Looking at dmesg-6.5-debug_after.txt
there aren't "BUG: kernel NULL pointer dereference" line anymore
The call traces you see are induced by WARN(), which purpose is
to show call path that calls enable_slot().

Let me split potential fix from debug and repost that as separate
patches for you to try.
I'd like to see debug output without 'fix' to track down which
root port/device causes NULL pointer dereference. And hopefully
in a few roundtrips figure out why old code doesn't crash.

PS:
What happens is that on resume firmware (likely EC),
issues ACPI bus check on root ports which (bus check) is
wired to acpiphp module (though pciehp module was initialized
at boot to manage root ports), it's likely firmware bug.

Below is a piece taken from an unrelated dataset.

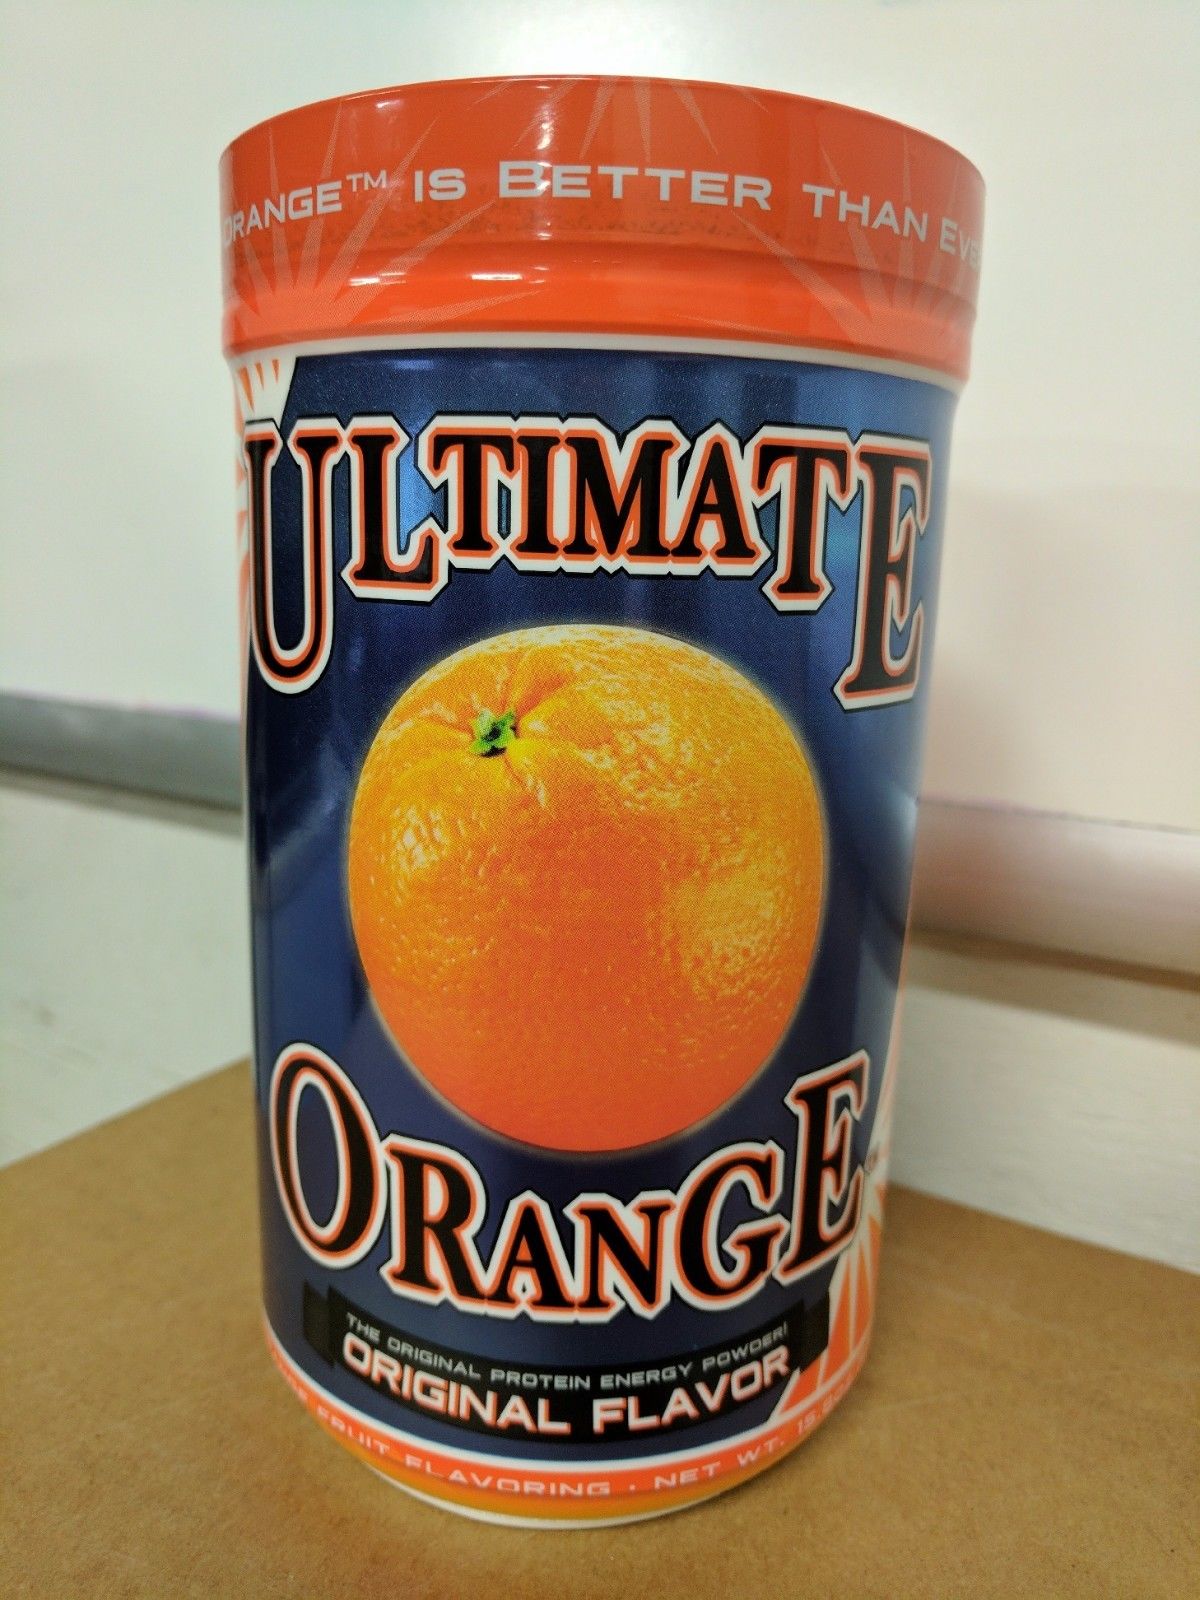 30 Minute Ultimate orange pre workout with Comfort Workout Clothes

I'd guess the intent behind this was to check if PCIe devices
were hotplugged while laptop has been asleep, and for
some reason they didn't use native PCIe hotplug to handle that.
However looking at laptop specs you can't hotplug PCIe
devices via external ports. Given how old laptop is
it isn't going to be fixed, so we would need a workaround
or fixup DSDT to skip buscheck.

The options I see is to keep old kernel as for such case,
or bail out early from bus check/enable_slot since root port
is managed by pciehp module (and let it handle hotplug).

> Thanks, Woody
>
>